Task objective
From the material below, set down exactly the lines that run from the one containing "NYC intimate wedding" to the one containing "Игрушка для собак", minus the pictures.

Entries provided

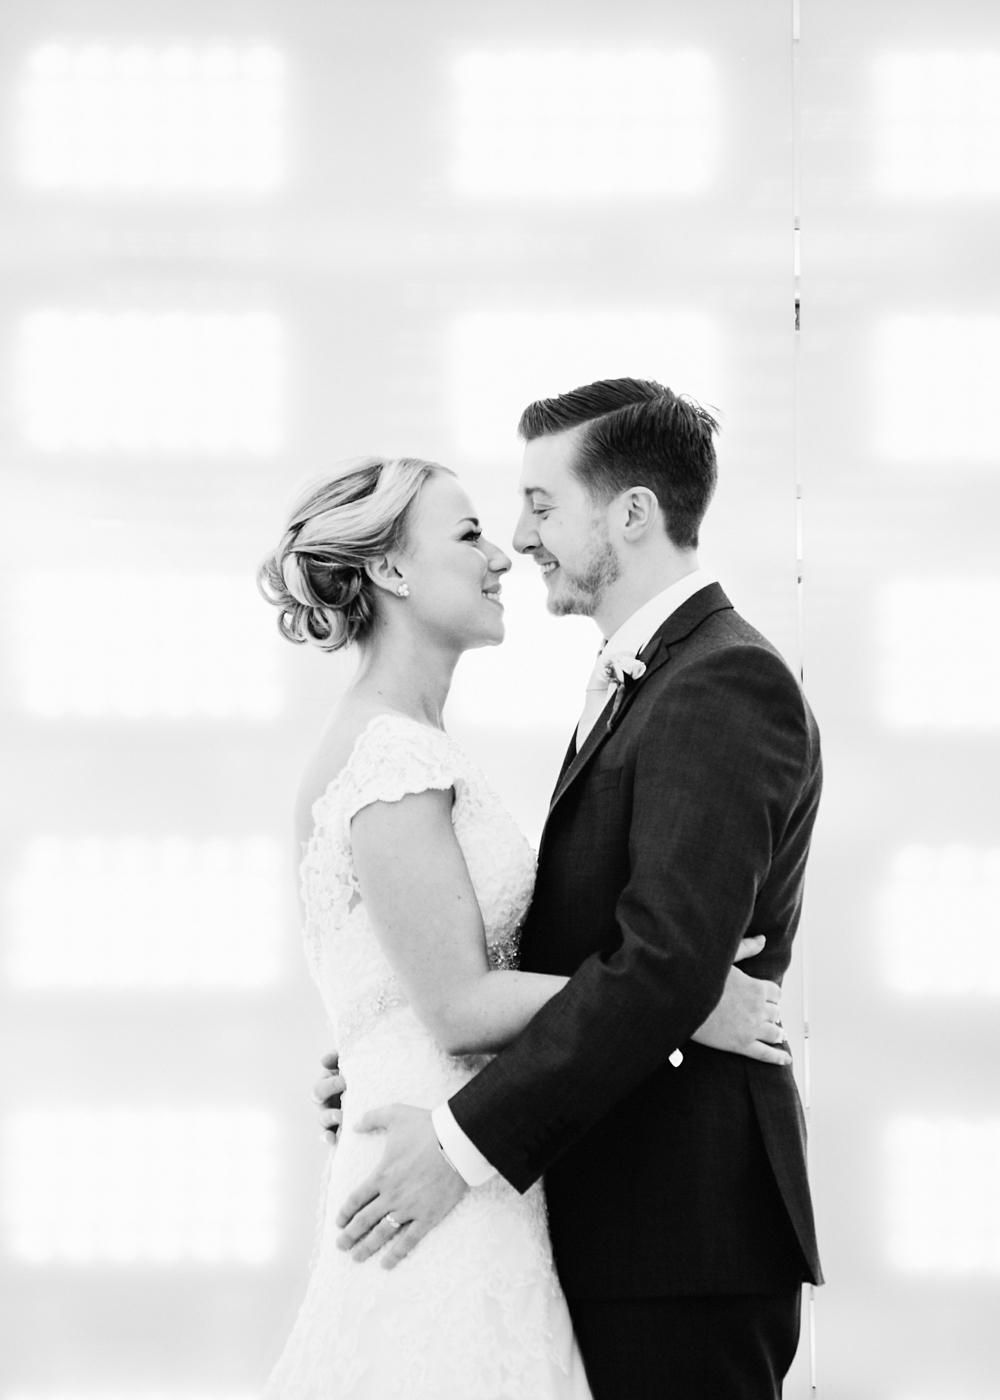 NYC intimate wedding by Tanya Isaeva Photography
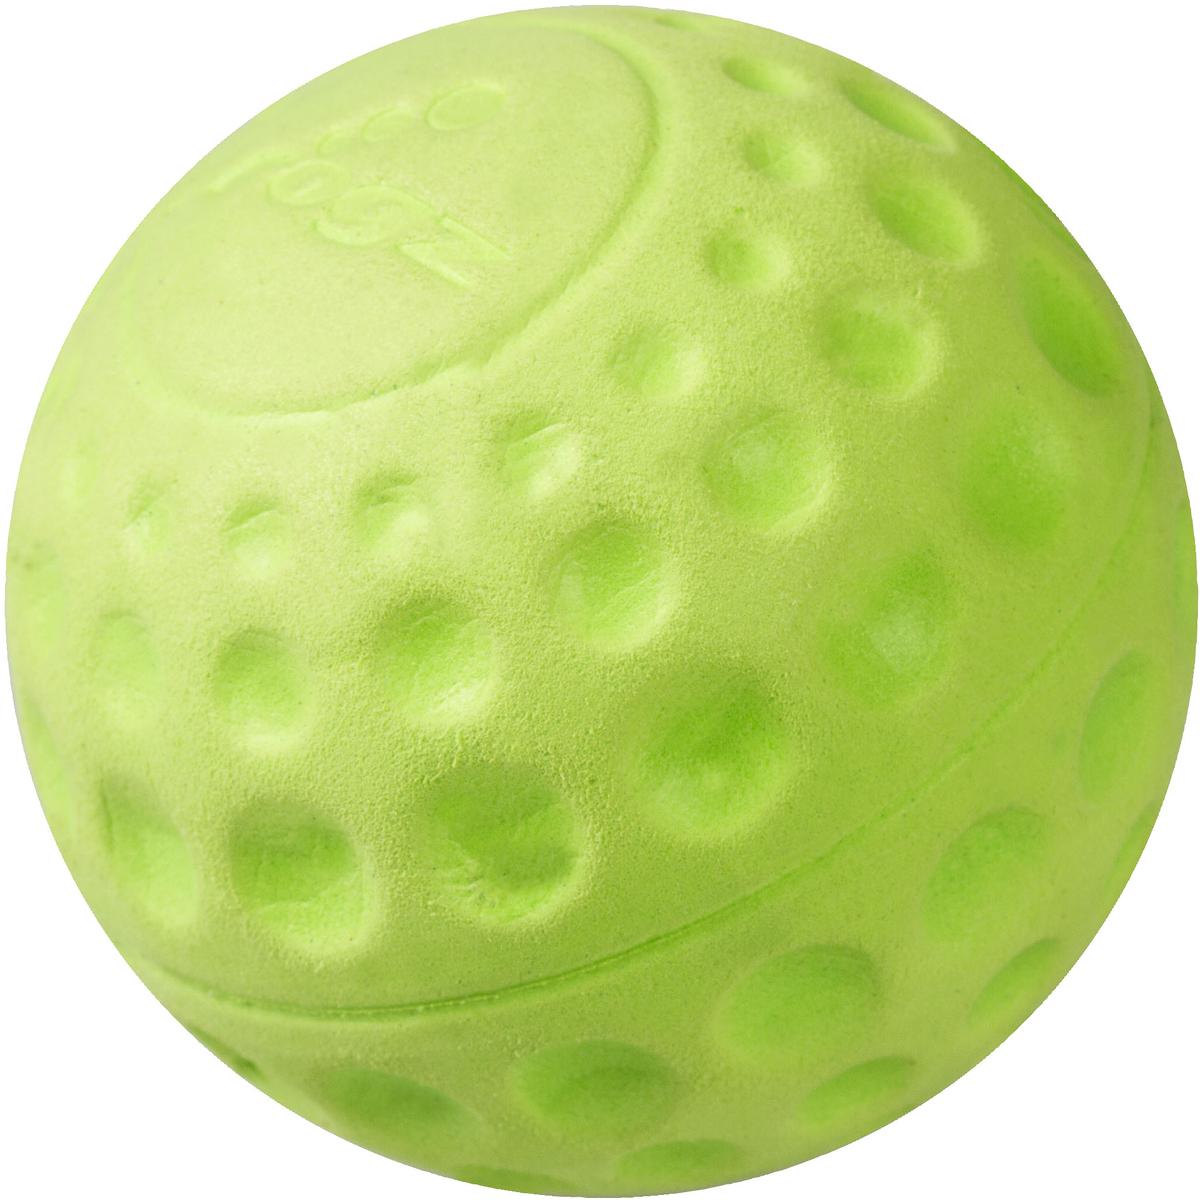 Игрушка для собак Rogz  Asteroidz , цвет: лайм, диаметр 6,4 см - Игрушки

---

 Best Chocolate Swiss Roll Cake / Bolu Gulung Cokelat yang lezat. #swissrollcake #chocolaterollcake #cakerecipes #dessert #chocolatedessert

Answer
 NYC intimate wedding by Tanya Isaeva Photography
 Игрушка для собак Rogz  Asteroidz , цвет: лайм, диаметр 6,4 см - Игрушки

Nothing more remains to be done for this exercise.